In November 2006, Prexige received marketing approval for all European Union countries through a common procedure called MRP. As of 2007, the Food and Drug Administration (FDA) has not yet granted approval for its sale in the United States.
Lumiracoxib has a different structure from the standard COX-2 inhibitors (e.g. celecoxib). It more closely resembles the structure of diclofenac (one chlorine substituted by fluorine, the phenylacetic acid has another methyl group in meta position), making it a member of the arylalkanoic acid family of NSAIDs. It binds to a different site on the COX-2 receptor than the standard COX-2 inhibitors. It displays extremely high COX-2 selectivity.
The FDA rejected Prexige as a trade name for lumiracoxib in 2003. The FDA Division of Medication Errors and Technical Support (DMETS) subsequently recommended against the alternative name Prexede. The planned trade name for lumiracoxib in the US has not been disclosed to the public.

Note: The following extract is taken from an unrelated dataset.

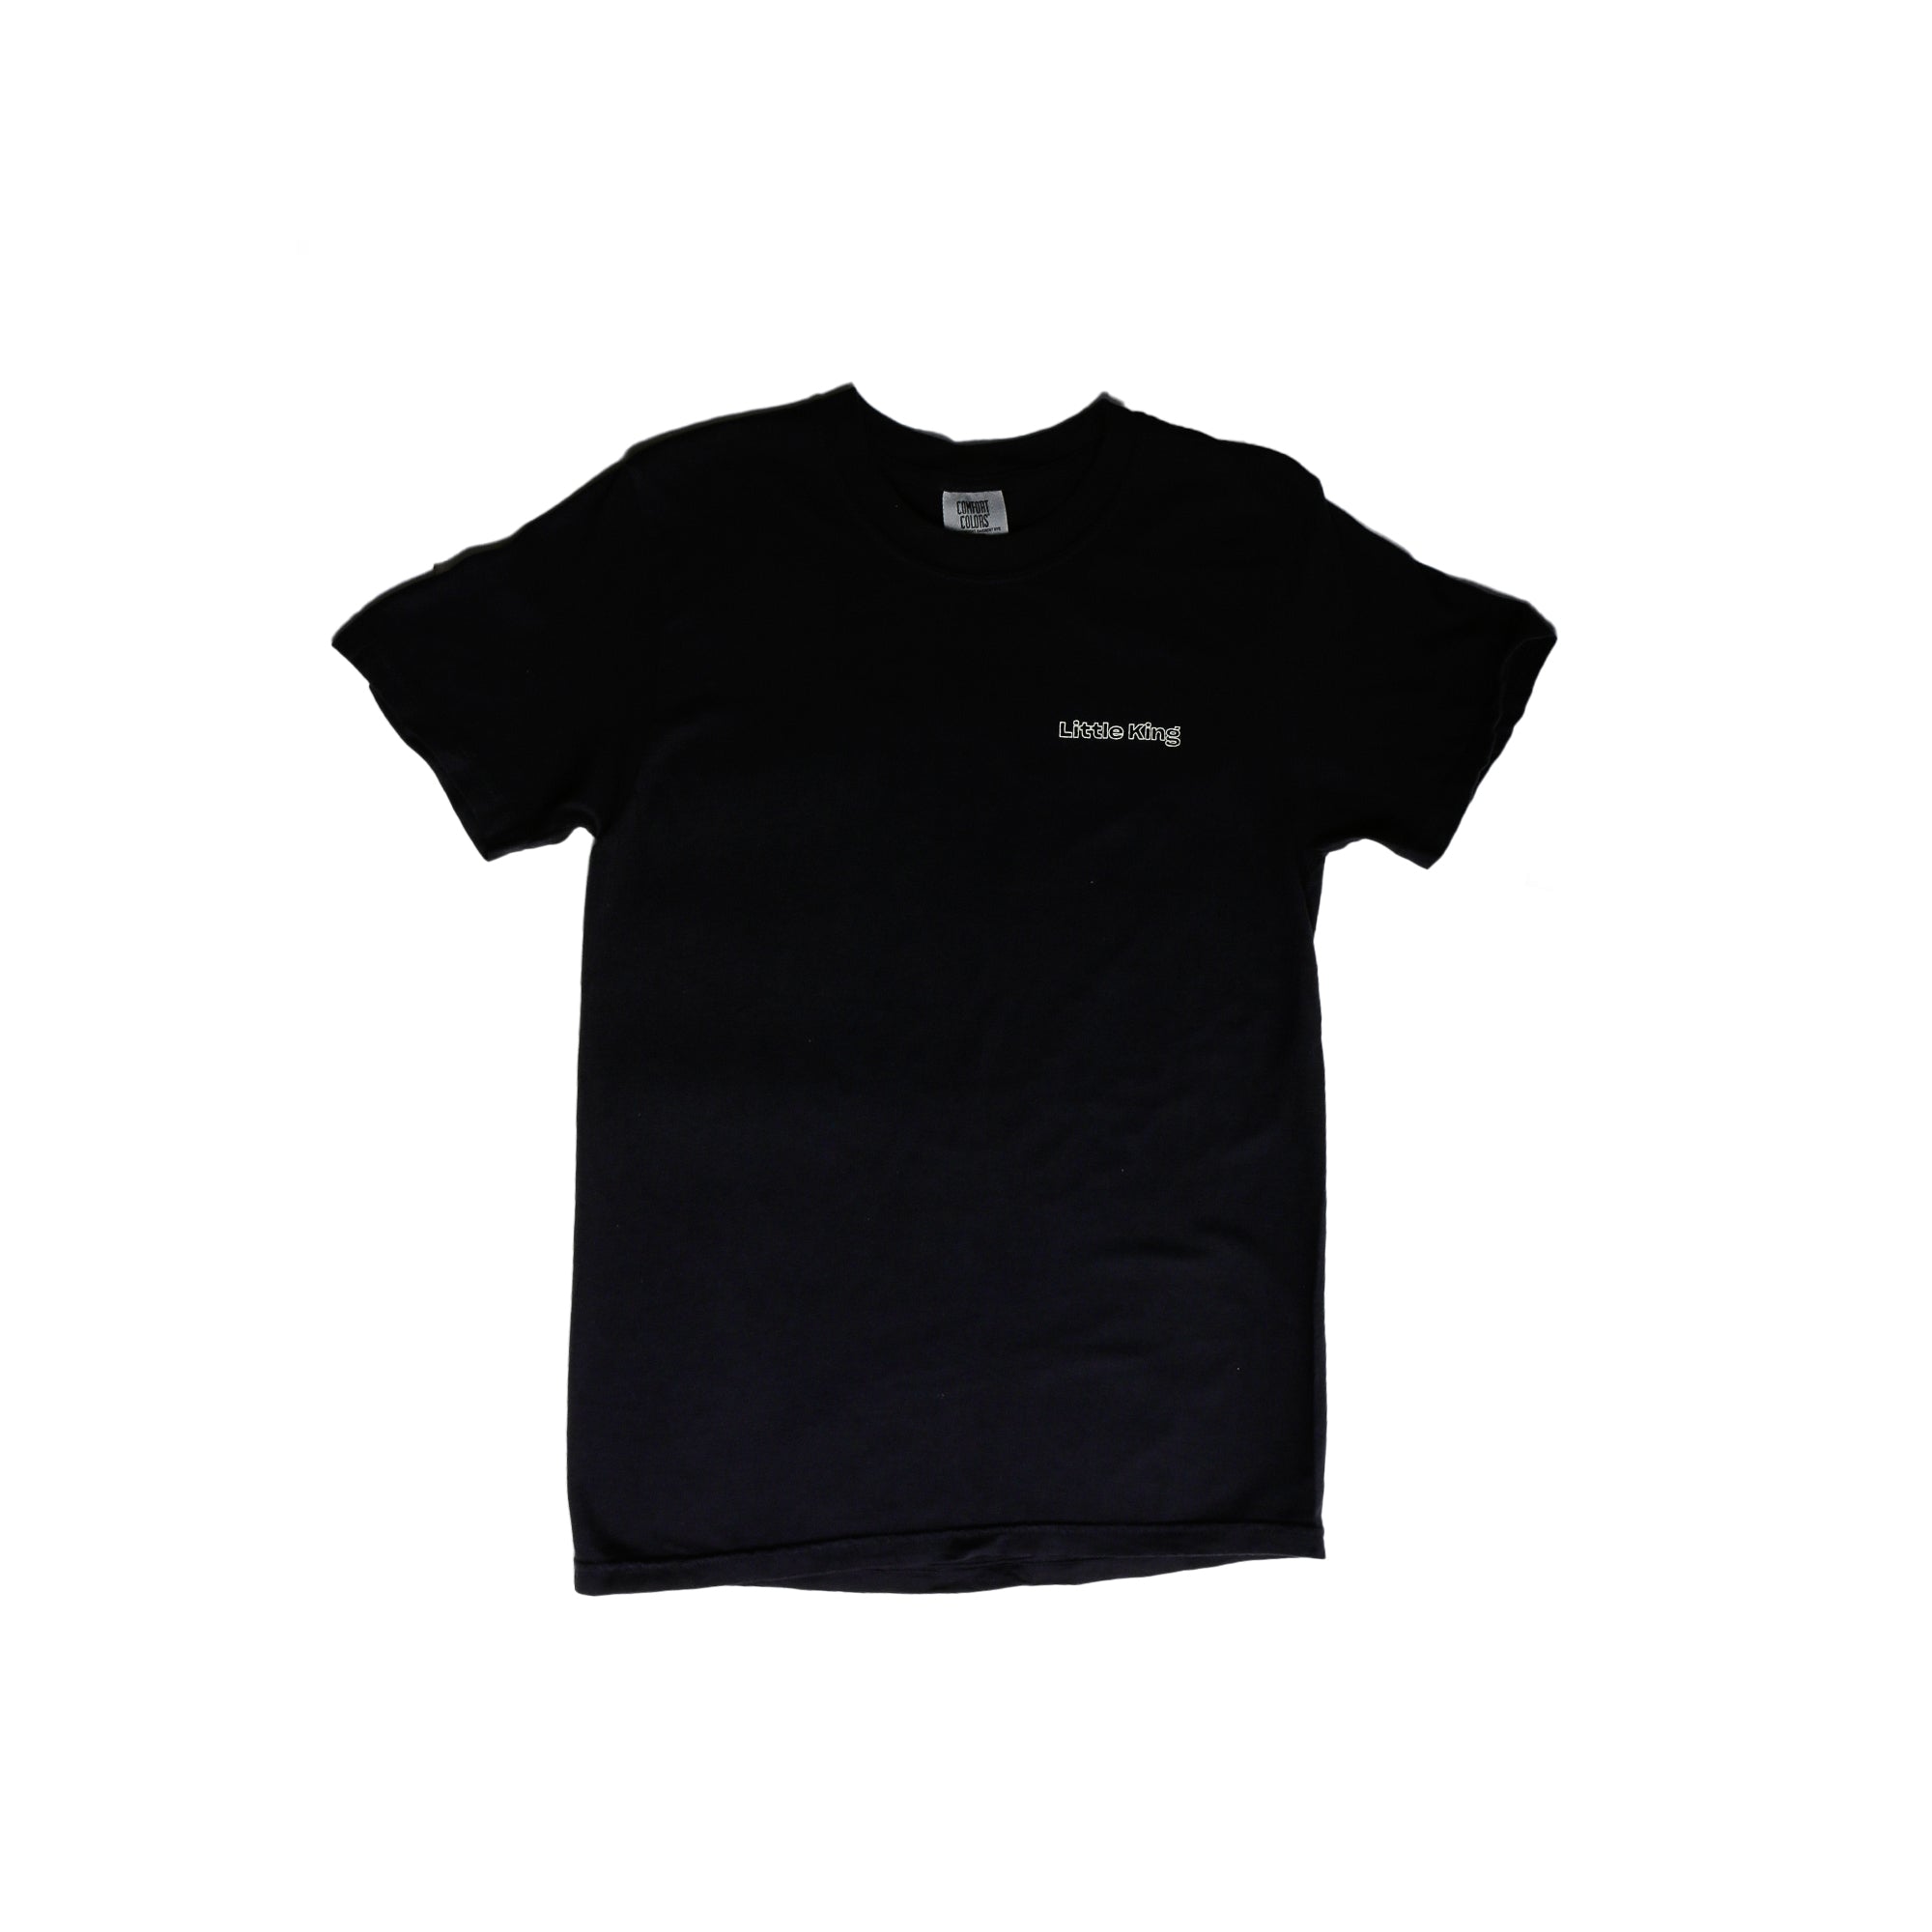 Sakari x Little King T-Shirt, Black / Cream

On September 27, 2007, the US Food and Drug Administration issued a not approvable letter for lumiracoxib, requiring additional safety data.
Withdrawal from market
On August 11, 2007, Australia's Therapeutic Goods Administration (TGA, the Australian equivalent of the FDA) cancelled the registration of lumiracoxib in Australia due to concerns that it may cause liver failure.
According to the TGA's Principal Medical Adviser, Dr Rohan Hammett, as of 10 August 2007 the TGA had received 8 reports of serious adverse liver reactions to the drug, including two deaths and two liver transplants.
"The TGA and its expert advisory committee, the Adverse Drug Reactions Advisory Committee (ADRAC), have urgently investigated these reports. ADRAC has today recommended the cancellation of the registration of Lumiracoxib due to the severity of the reported side effects associated with this drug," Dr Hammett said.
"The TGA has taken this advice to cancel the registration of Lumiracoxib in order to prevent further cases of severe liver damage.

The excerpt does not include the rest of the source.